Responses API

The Responses API is Cloudglue’s next-generation conversational video interface. Compatible with the OpenAI Responses API format, it provides richer annotations, built-in multi-turn conversations, system instructions, streaming, and background processing — all grounded in your video content.

The Responses API works with both Media Description Collections (speech, visual, text) and Entity Collections (structured extracted data). Combine both for the richest video understanding.

When to Use Responses API vs Chat Completions

Feature	Chat Completions	Responses API
Multi-turn conversations	Manual message history	Built-in message array
Streaming	Not available	SSE streaming
Background processing	Not available	`background: true` with polling
System instructions	System message in array	Dedicated `instructions` param
Entity-backed knowledge	Not available	`nimbus-002-preview` with entity collections
Annotations/Citations	`citations` array	Rich `annotations` with timestamps
Models	`nimbus-001`	`nimbus-001`, `nimbus-002-preview`
API compatibility	Custom format	OpenAI Responses-compatible

Use Chat Completions if you have an existing integration and only need basic Q&A over media description collections. Use Responses API for new projects, streaming UIs, entity-backed reasoning, or when you need background processing.

Model Selection

nimbus-001

Fast general question answering model.

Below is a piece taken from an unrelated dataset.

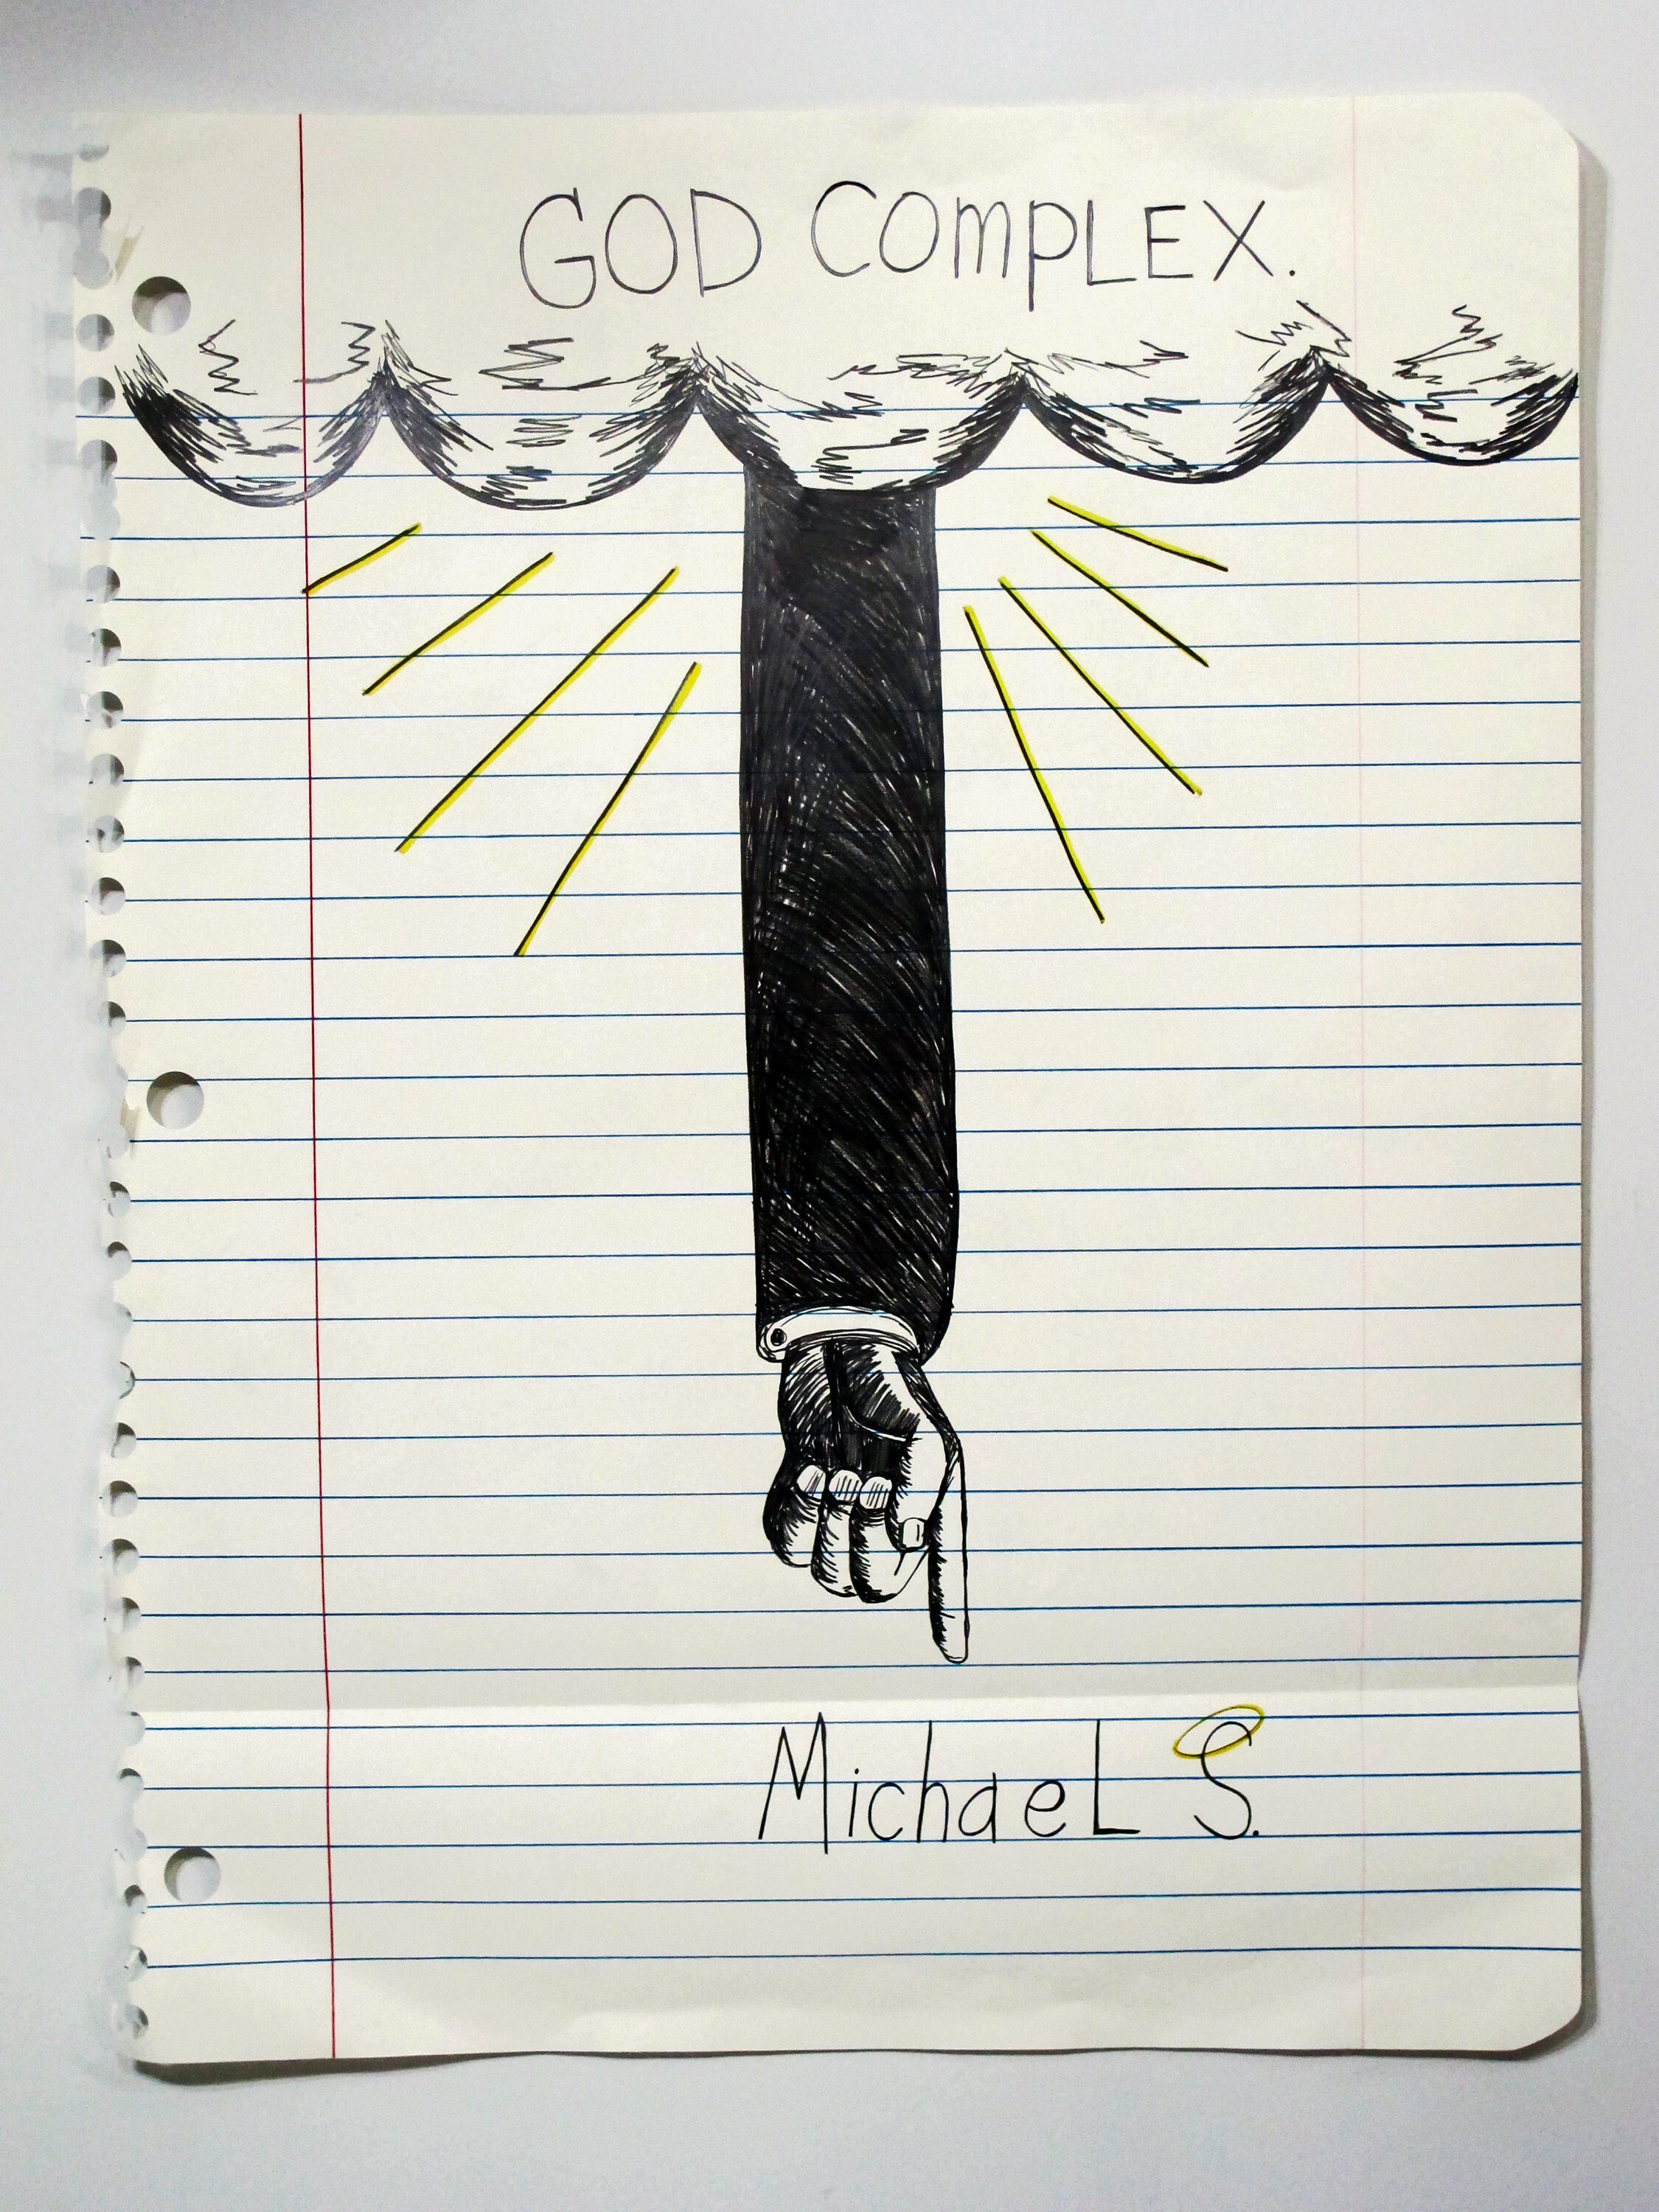  Michael Scoggins,  God Complex , 2014. Graphite, marker, colored pencil on paper , 67 x 51 in.   
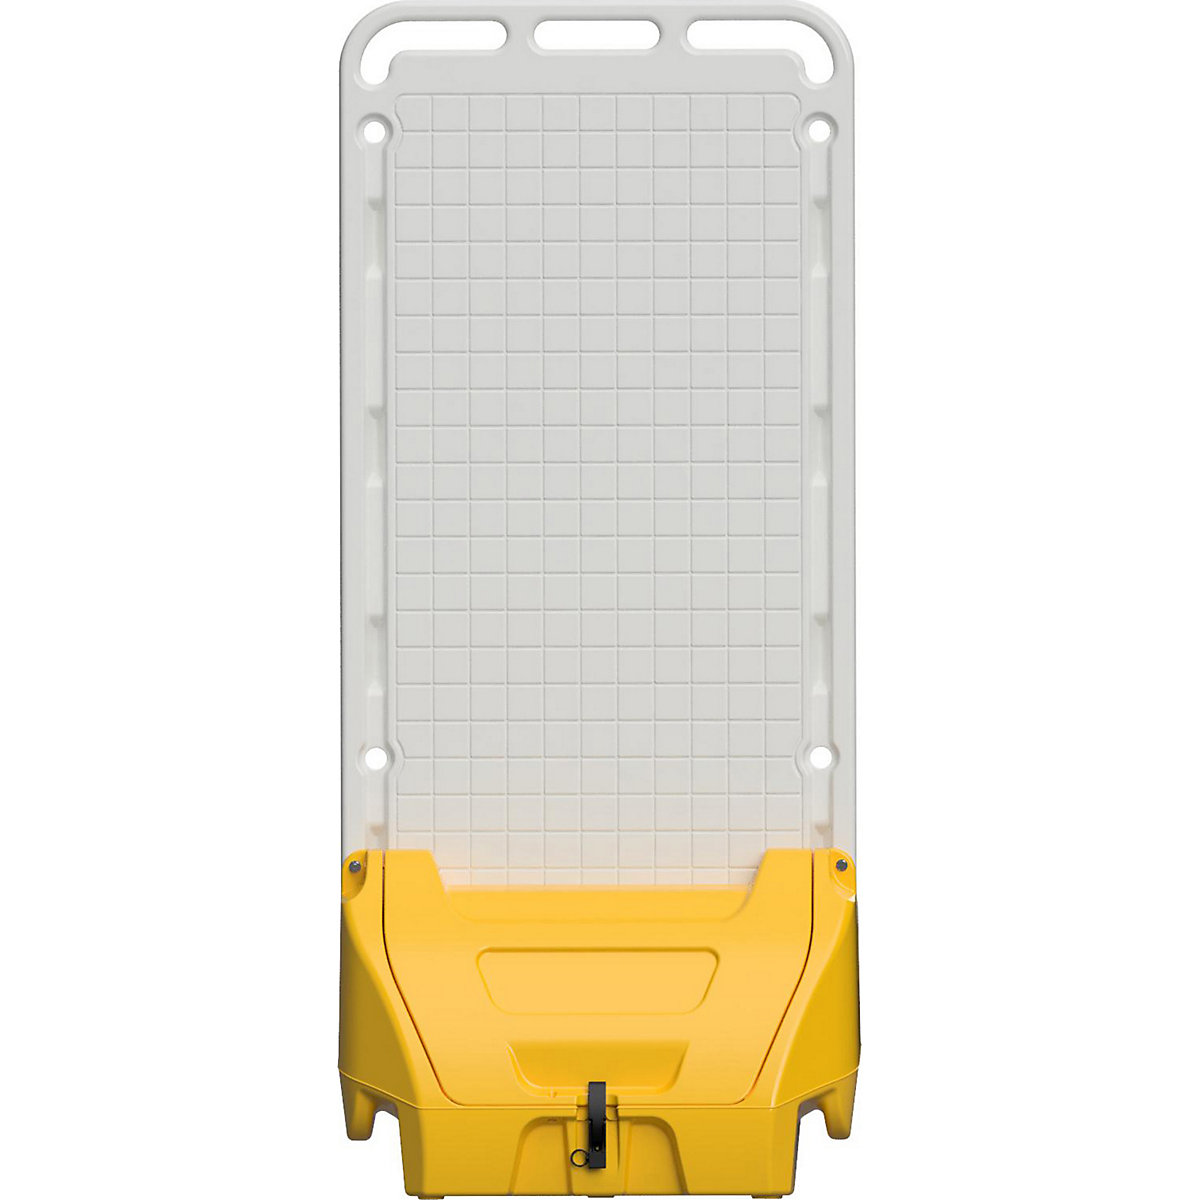 Poste de service mobile SAFETY POINT, avec couvercle verrouillable, joints d'étanchéité, pour produits de sécurité/protection, jaune, à partir de 3 pièces

Works with media description collections for speech, visual, and text understanding. Good for straightforward Q&A and summarization.

nimbus-002-preview

Light reasoning model capable of multi-step reasoning and inspecting your video assets from different dimensions. In addition to media description collections, it supports entity-backed knowledge — combining structured entity data with unstructured video descriptions for richer, more precise answers.

nimbus-002-preview is a preview model. Behavior may change as we iterate.

When to use which:

nimbus-001 — Fast Q&A, summarization, general questions over video content
nimbus-002-preview — Multi-step reasoning, cross-video synthesis, queries that need structured + unstructured data together

Basic Response (Sync)

The simplest usage — send a question and get a complete response.

Python
Node

from cloudglue import CloudGlue

client = CloudGlue()

response = client.responses.create(
    input="What techniques are discussed in these videos?",
    collections=["COLLECTION_ID"],
    model="nimbus-001",
)

print(response.output[0].content[0].text)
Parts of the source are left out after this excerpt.